Why I Hate ‘Cardcaptor Sakura’ (and you can, ten!)

The Final Hate: This Time It’s Personal!

You say Tomoeda. I say Tomada. Let’s call the whole thing off.

We come now to the final day, the final hate, the final boss, of Ten Things I Hate about Cardcaptor Sakura. Fiery rage has consumed my soul and burned all to ash; in the end, nothing remains … except my hate.

Just look at that picture up at the top there. Look at the way she’s threatening us with that giant, winged claw hammer. What is she planning to do with that thing? It’s all gonna end in tears when she puts an eye out.

That’s how it goes. Magical girl battles are all fun and games until somebody loses an eye. Then they’re awesome.

… Okay, where was I? Ah, yes: hate, burning hate. Here is the final thing I hate about Cardcaptor Sakura:

Number 1: Everything.

“Some magical girl idol or other can … ah, forget it …”

Cardcaptor Sakura was the first magical girl story, and may even have been the first manga, I ever read. I didn’t know Clamp’s reputation and didn’t know what to expect, but I thought it looked cute. It proved to be rather saccharine even for my tastes, and I never found the story or the characters especially engaging.

I might, admittedly, appreciate it more if I had been more familiar with its genre before I read it, but when I watched the anime years later, my reaction was basically the same: though I acknowledged its high production values, I didn’t think the story was especially good. Both the manga and anime continuously shatter my suspension of disbelief with their depictions of grade-school children who lethargically discuss abstract concepts over tea. In both versions, the heroine is uninteresting. Her creators and fans both treat Sakura Kinomoto more like a fashion doll than like a human being, so I suspect I’m not the only one who doesn’t find her personality particularly captivating.

Her ribbons, however …

This series of posts, especially the last one, have highlighted some of the creepy relationships in the series, but this brief laundry list of objections can’t capture the overall effect. The comic starts out looking sugary sweet, but then gradually escalates the weirdness, all while maintaining the sweet veneer. First, Sakura has a crush on her older brother’s best friend, which is no big deal because kids get crushes. Then we learn her dad married her mom while she was still in high school, which is a little weird but not completely weird. Then Sakura’s rival Syaoran gets a crush on the same boy as Sakura, which is also not a big deal because, hey, they’re kids, and then Tomoyo reveals that she secretly lusts after Sakura and then Rika is secretly dating the teacher and her older brother used to date his teacher and …

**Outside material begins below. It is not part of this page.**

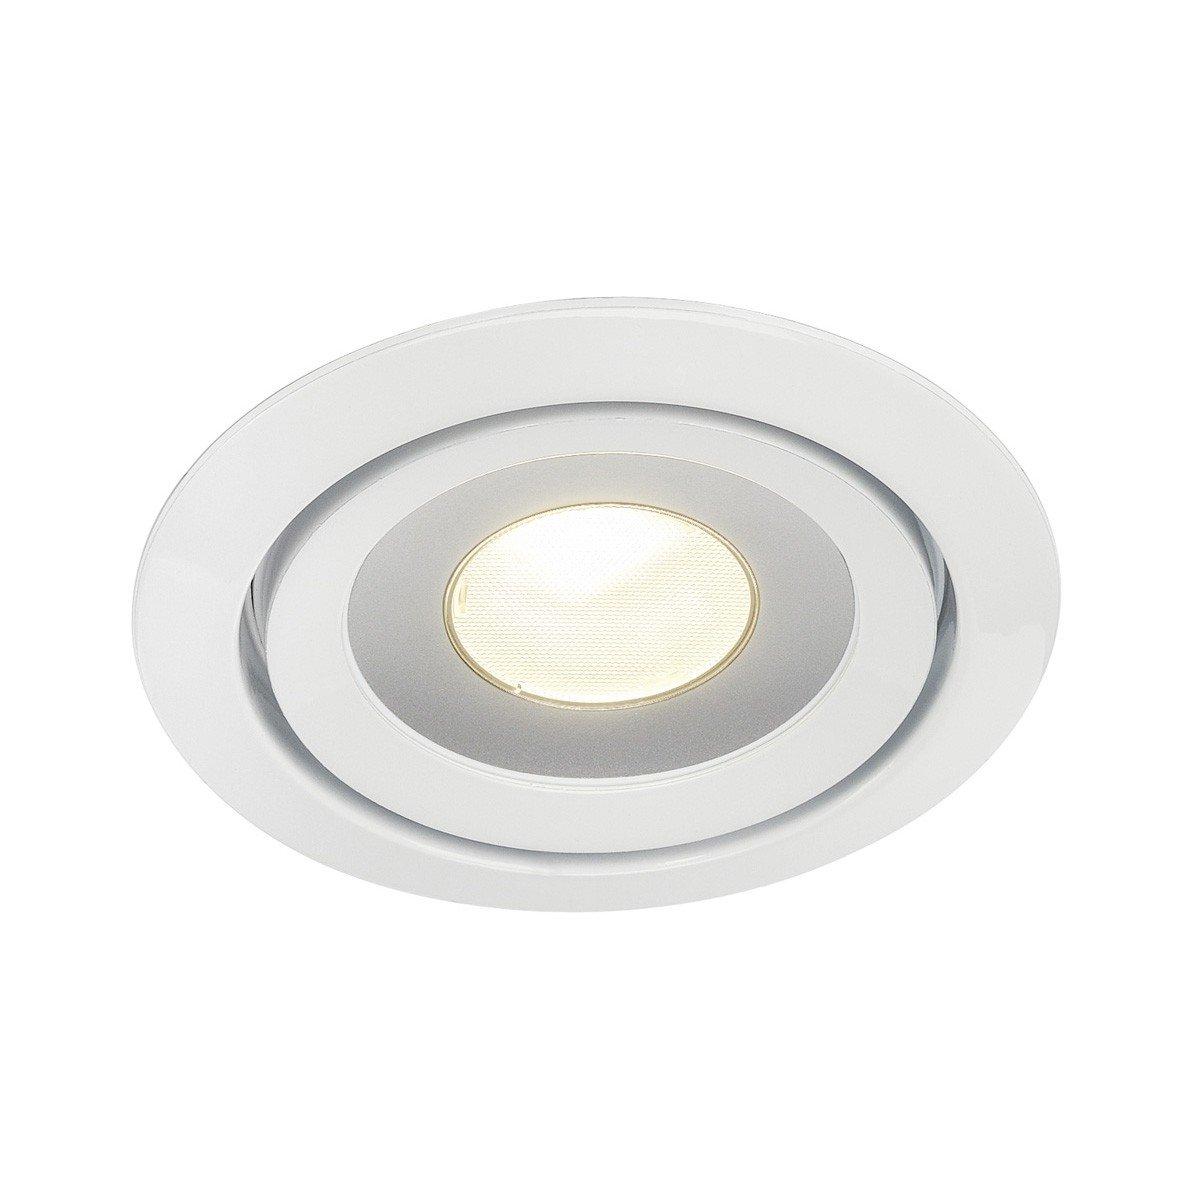 SLV LUZO Leuchte Indoor-Lampe Aluminium Weiß Lampe innen, Innen-Lampe

When I got to the end of the sixth volume, which concludes the first arc, I lowered it to the coffee table and muttered to myself, “Wow … this thing is sick.” It has the effect, I believe intentionally, of gradually acclimating the reader to increasingly outré relationships until, by the end, the yaoi boys are out of the closet and a number of children have been paired off with adult lovers. Meanwhile, the syrupy presentation never wavers—which is in itself, admittedly, a significant artistic achievement. Clamp studiously avoids even a hint of the sly or the risqué, which would point to the lurid nature of these relationships and thereby break the spell.

The very fact that the plot and protagonist are generic causes me to think that this is Cardcaptor Sakura’s real purpose. It is not there, primarily, to entertain, but to convince us that homosexuality and paedophilia are cute. It is first and foremost a work of propaganda, and its popularity and pride of place in the genre indicate it is a wildly successful one.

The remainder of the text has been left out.